Exercise aim: Return exactly the run of lines that begins at the line containing "7204 Chex Print" and ends at the last line of the material below; pictures stay out.

*** Collected data ***

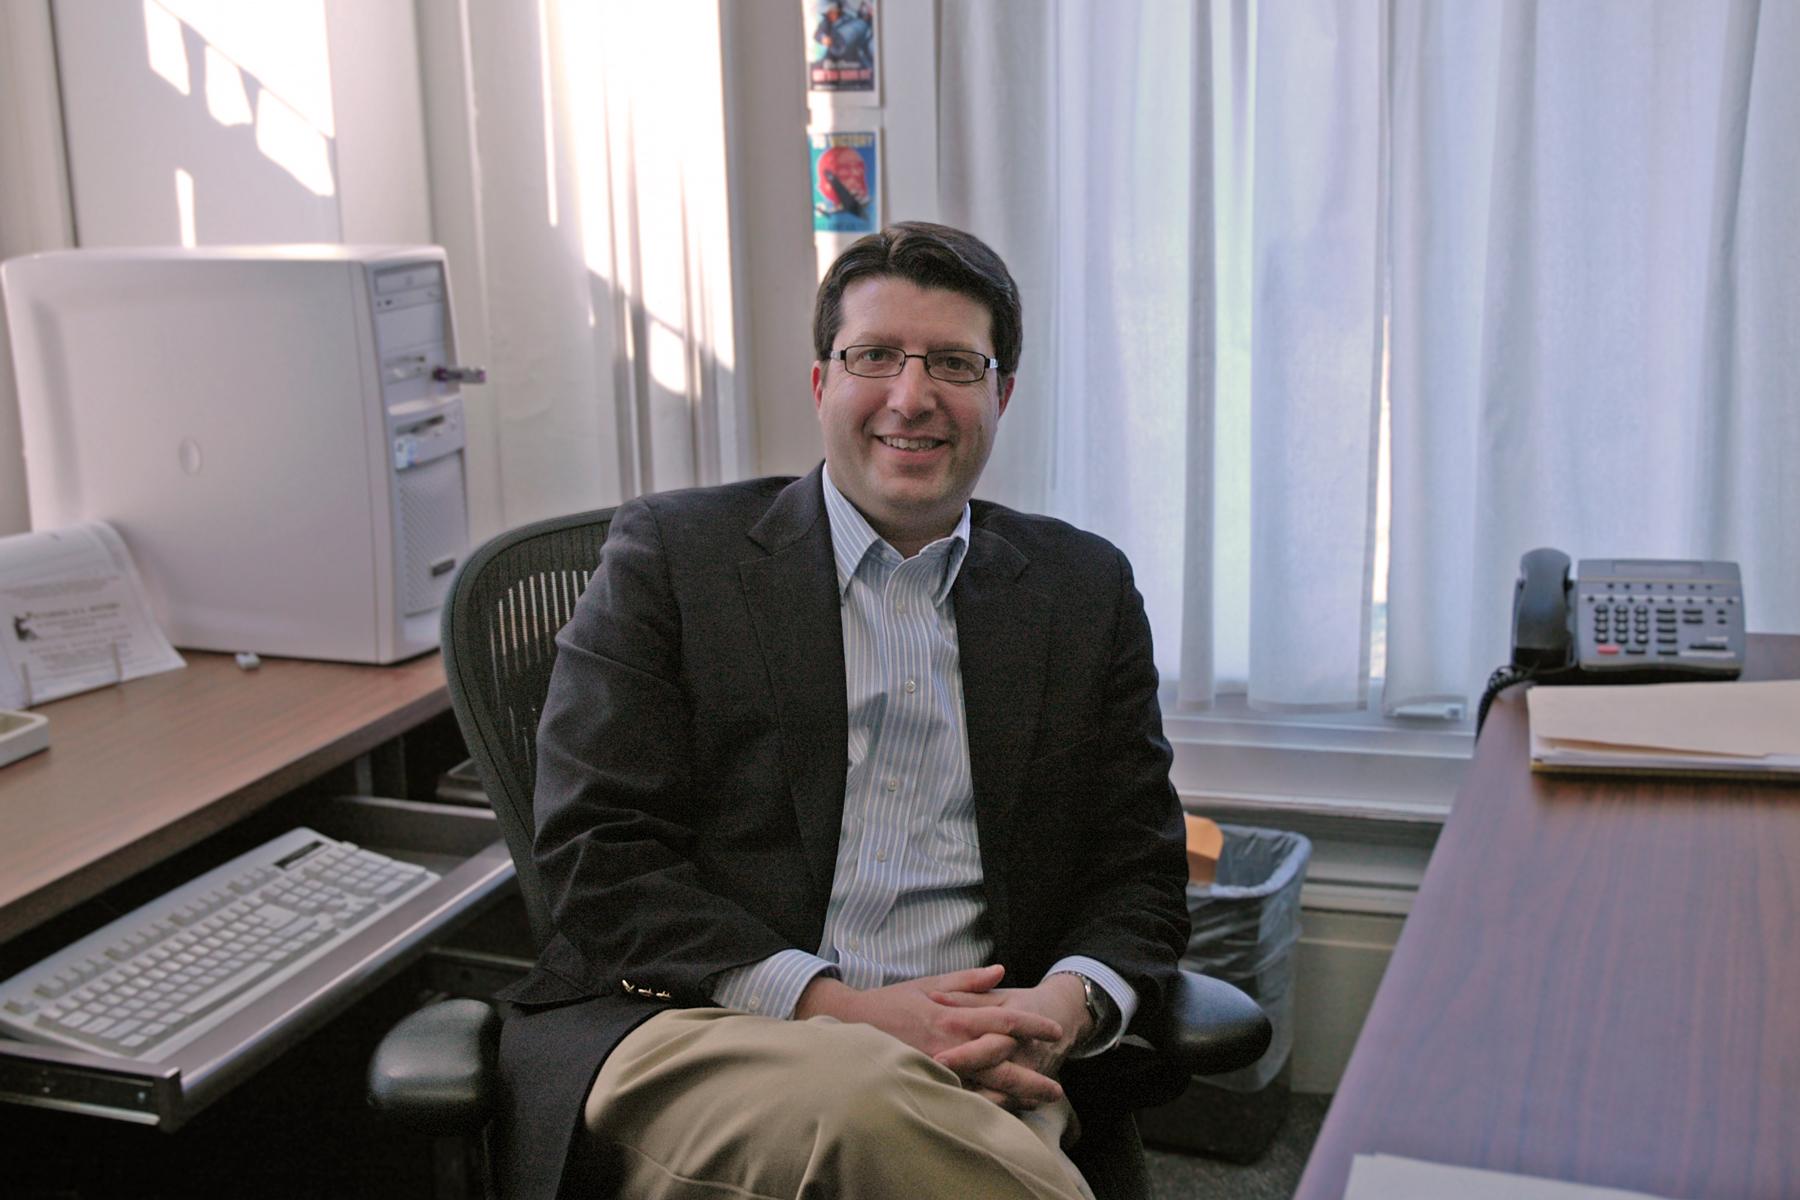 Professor of History, Dr. Michael Flamm
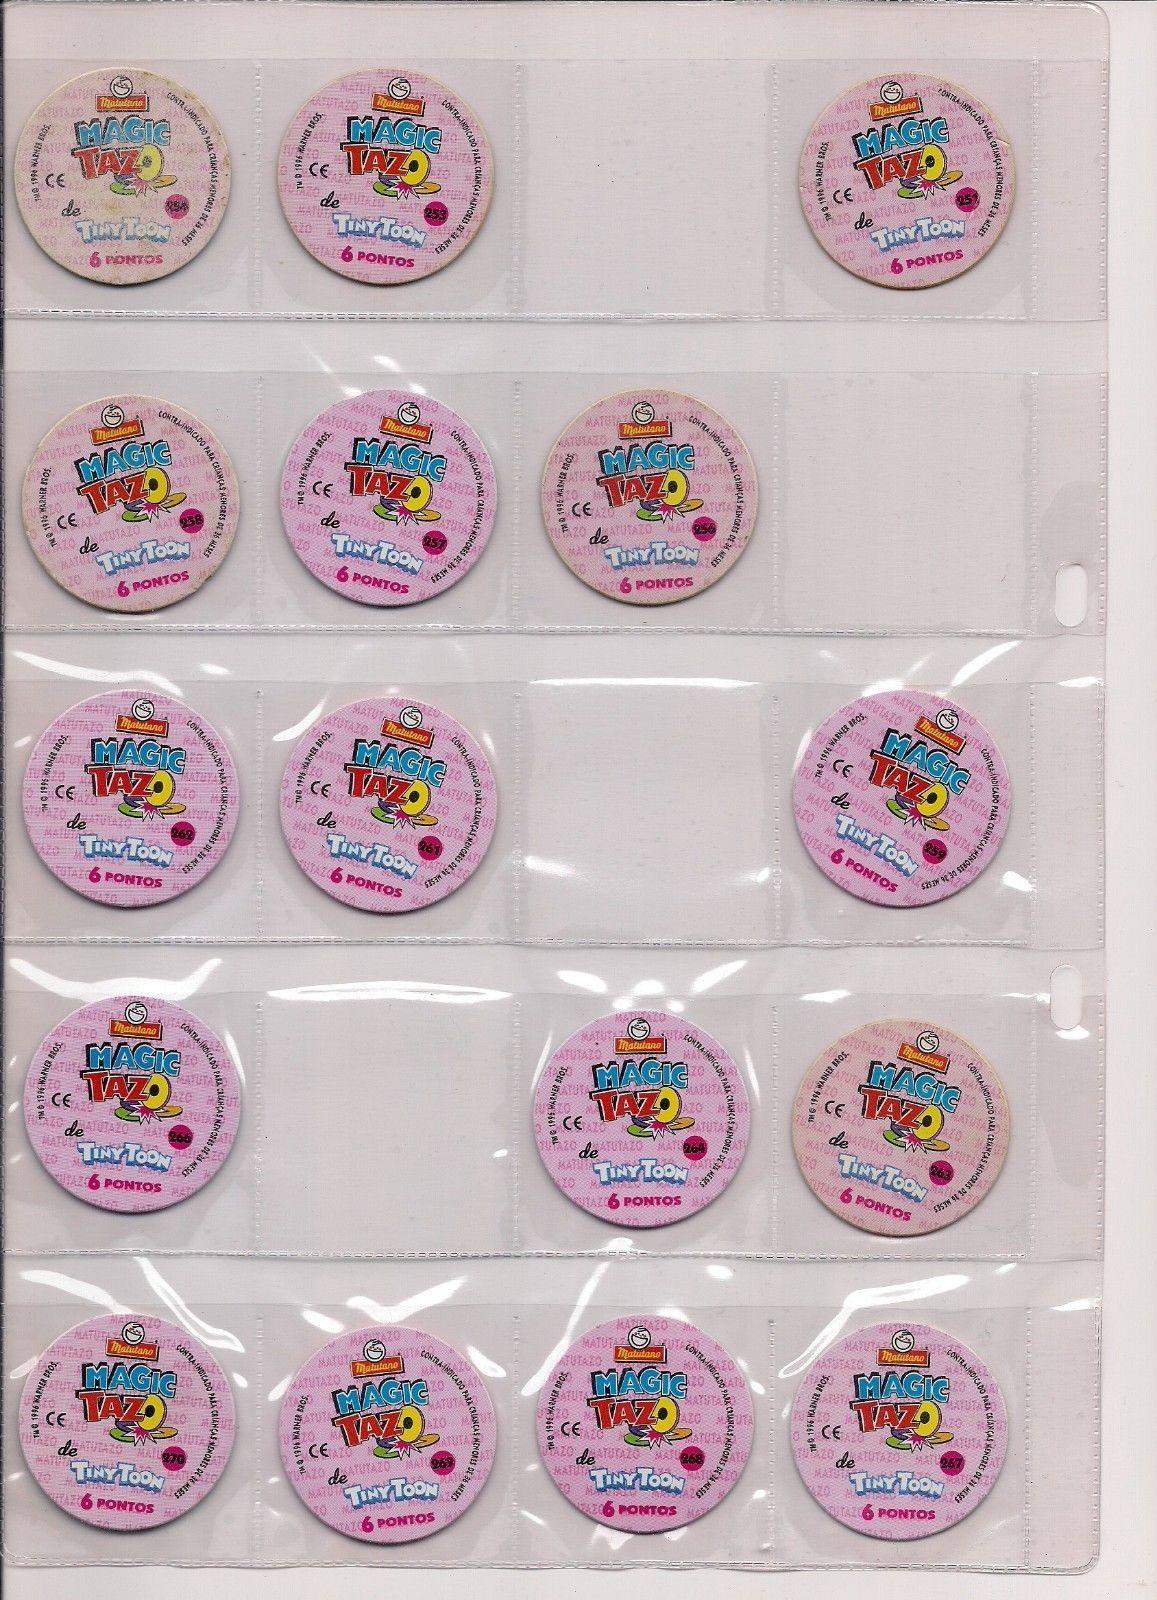 Rare Magic Lenticular Tazos Pogs Lot X 16 and 50 similar items
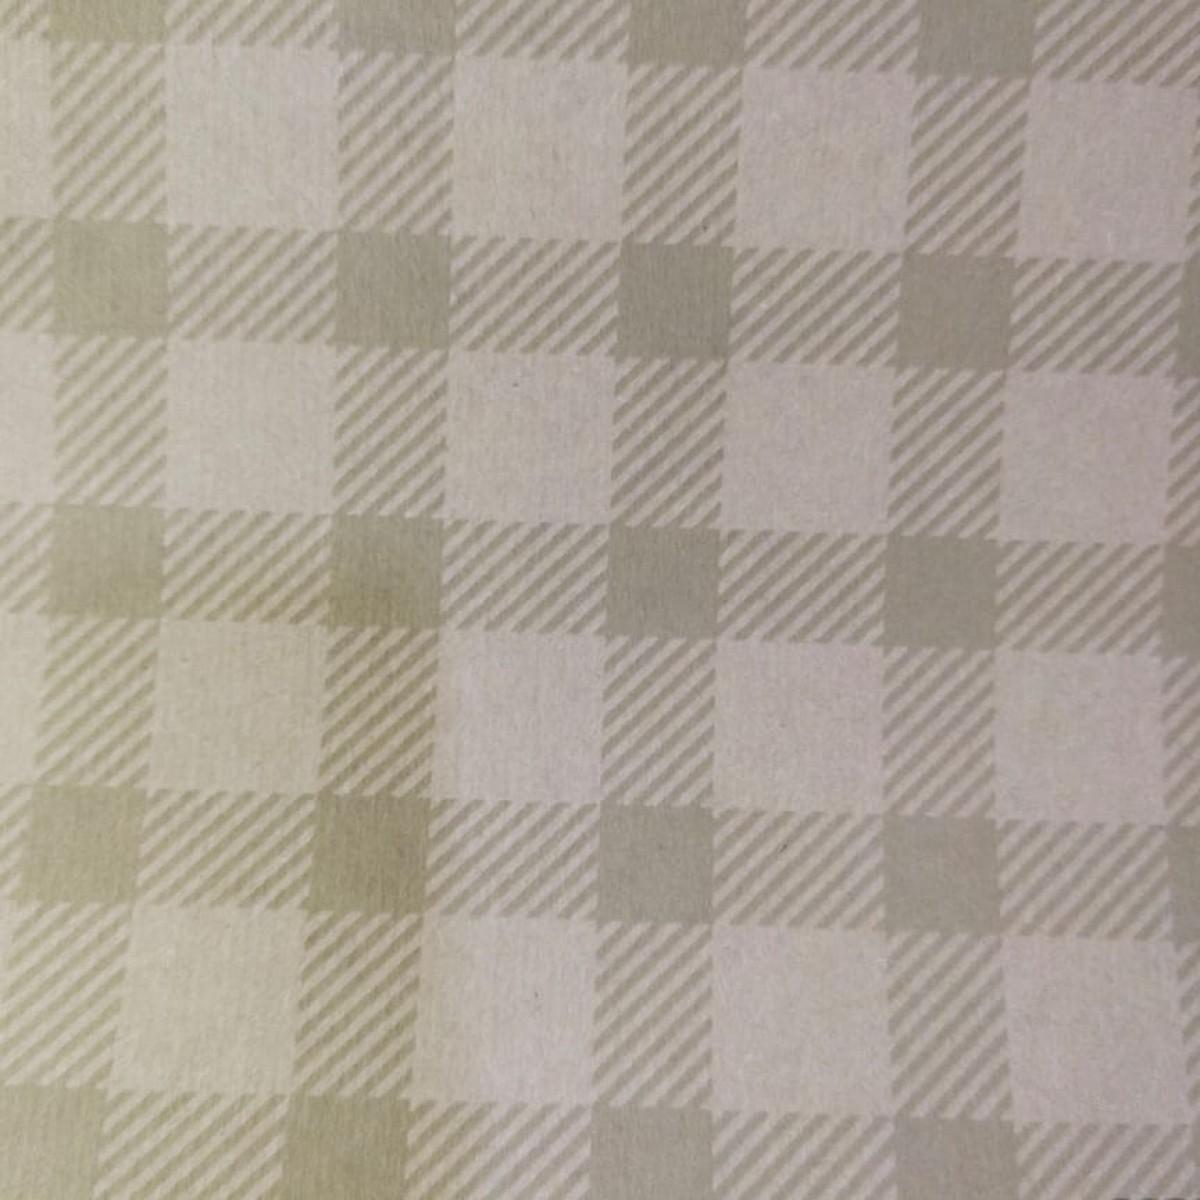 7204 Chex Print Gold 50cmx25m Kraft Paper - 1 Roll
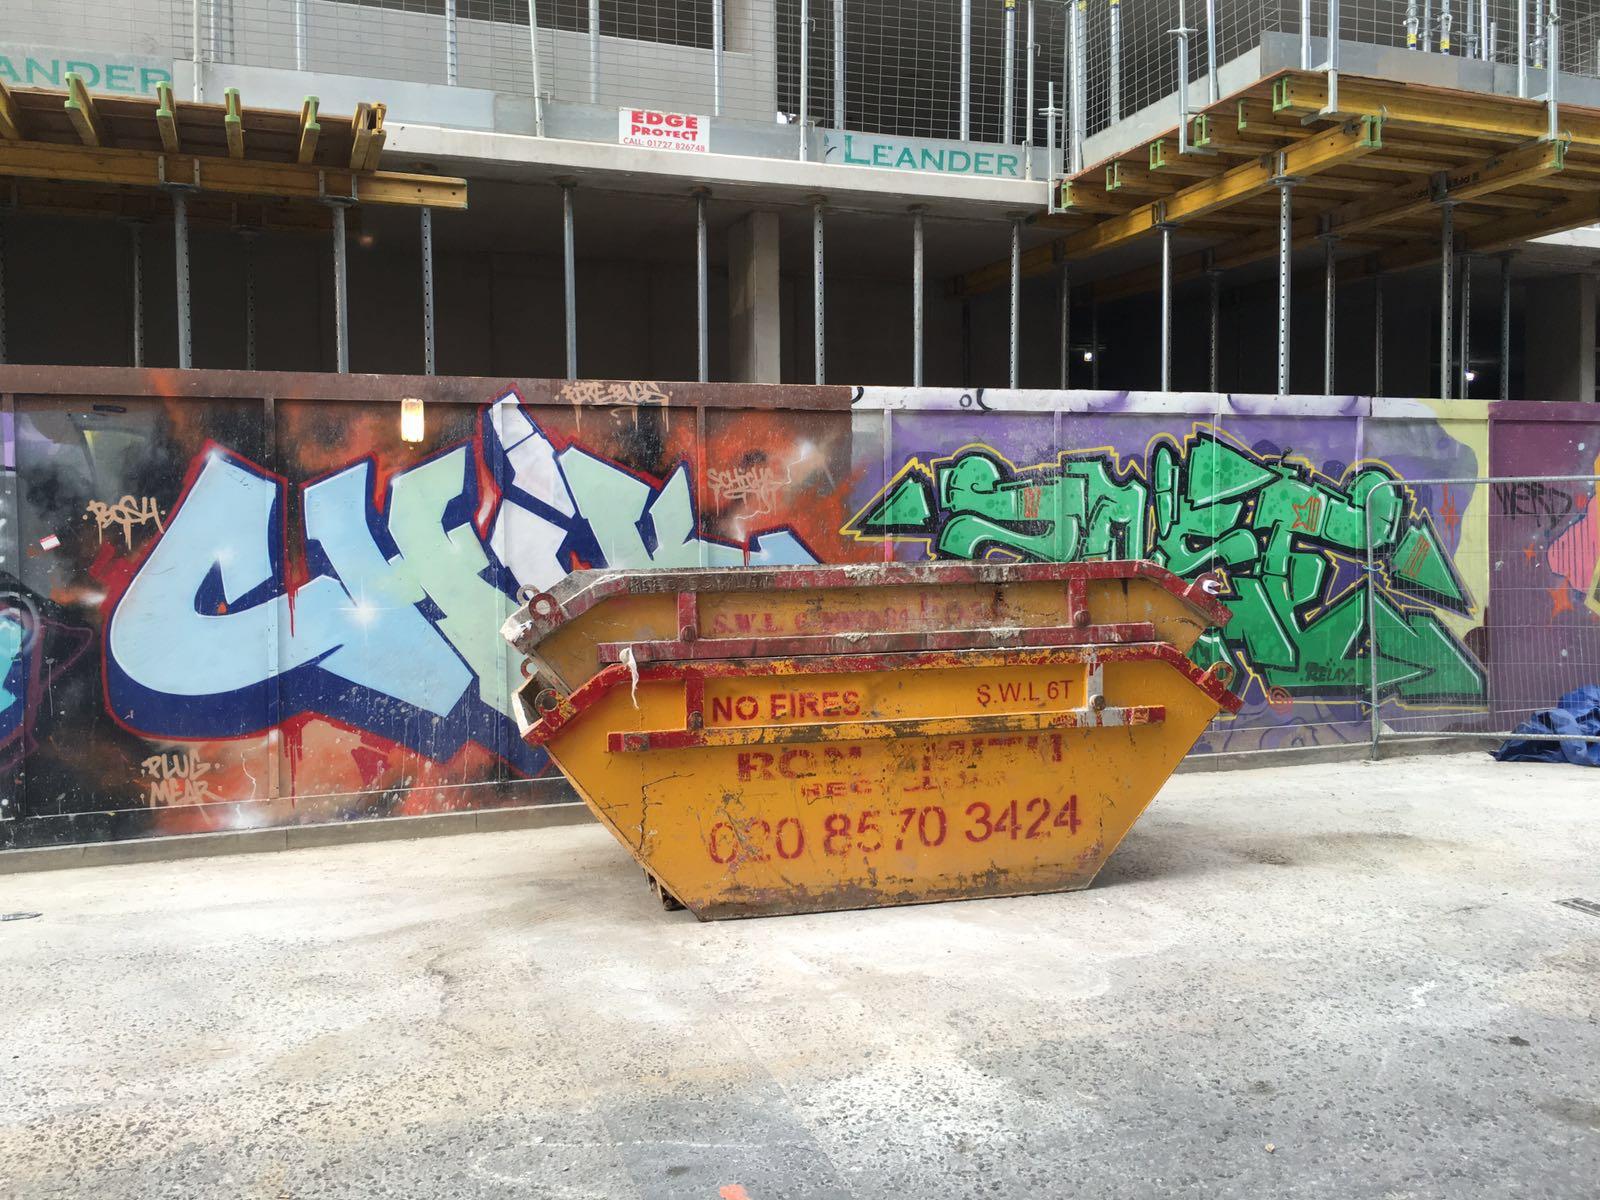 Findaskip Skips in front of graffiti

*** End of Collected data ***

Result:
 7204 Chex Print Gold 50cmx25m Kraft Paper - 1 Roll
 Findaskip Skips in front of graffiti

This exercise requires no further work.